# No place like home??



## Broken stones (Feb 16, 2013)

Just started a second year of working in Italy, feeling a little more settled but.... Can't quite find my feet.. Did anyone else feel like this?


----------



## yosheryosh (Mar 4, 2013)

what city?


----------



## Broken stones (Feb 16, 2013)

Legnano, Varese province. Its a small town. Nearest major city is Milan, about half hour train


----------



## AussieConnie (Mar 17, 2014)

Hi there

I am about to come across on a 12mth working holiday - got any tips for a clueless newbie??? :fingerscrossed:



Broken stones said:


> Legnano, Varese province. Its a small town.
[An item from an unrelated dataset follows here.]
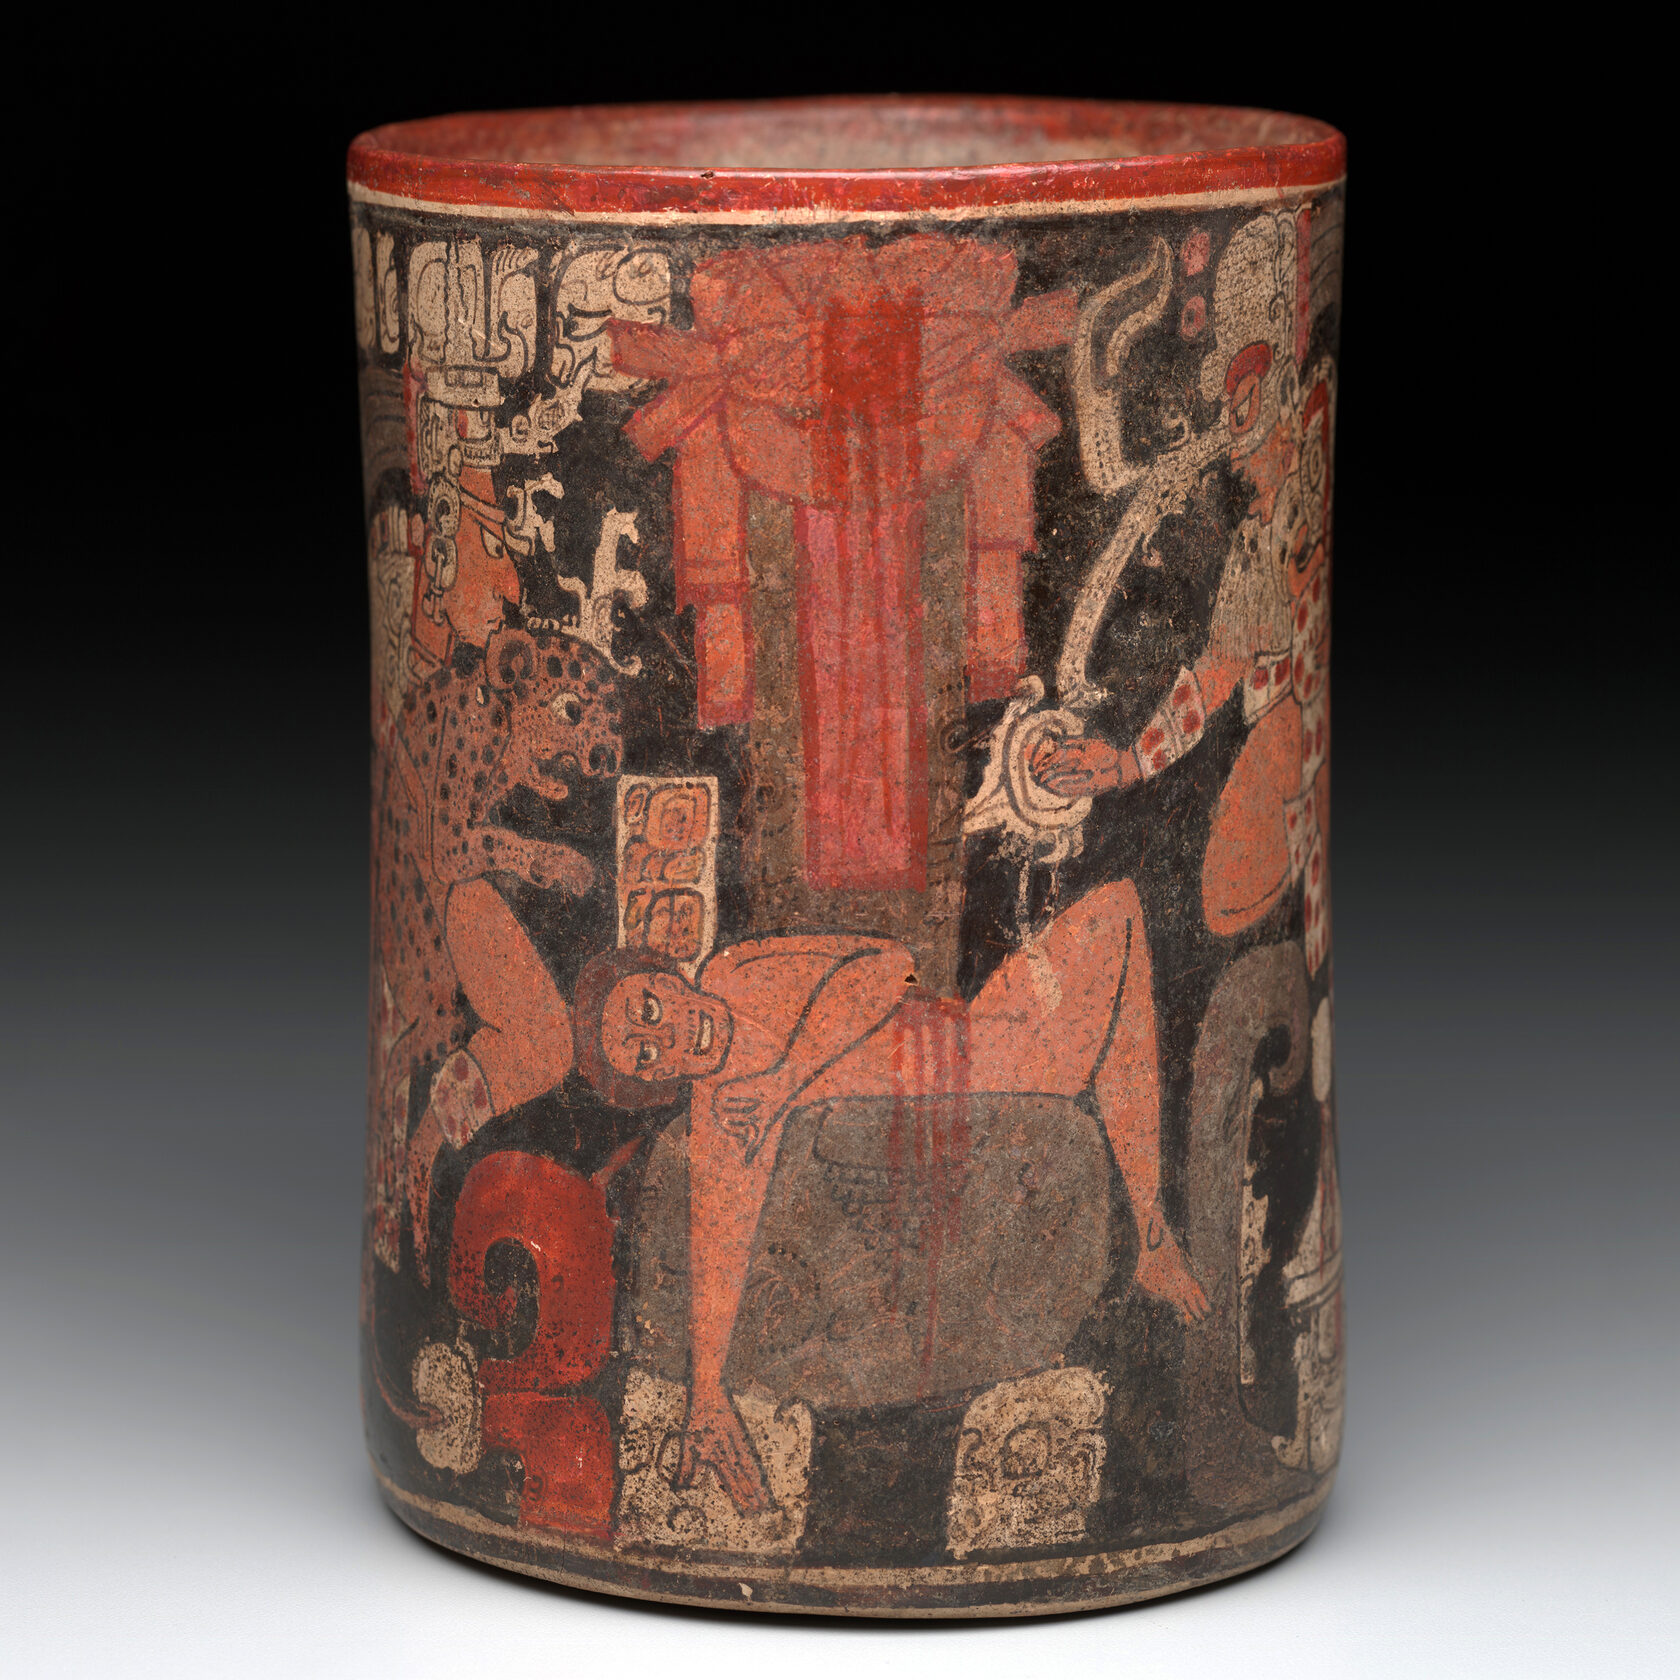 Сосуд со сценой жертвоприношения. Майя, 600-900 гг. н.э. Коллекция Dallas Museum of Art.

Nearest major city is Milan, about half hour train


----------



## stefanaccio (Sep 25, 2007)

you haven't gained a good deal of weight by chance during your stay in Italy...?


----------



## Angdixon (Jul 21, 2014)

Broken stones, are you still in legnano? I just moved here and was wondering how things were going for you now?


----------



## Broken stones (Feb 16, 2013)

Ang... I left there in may. Picked up a new contract in England. Will no doubt return in the next few months for visits. If you need any advice on the area please let me know. Enjoy... I miss Italy!!!


----------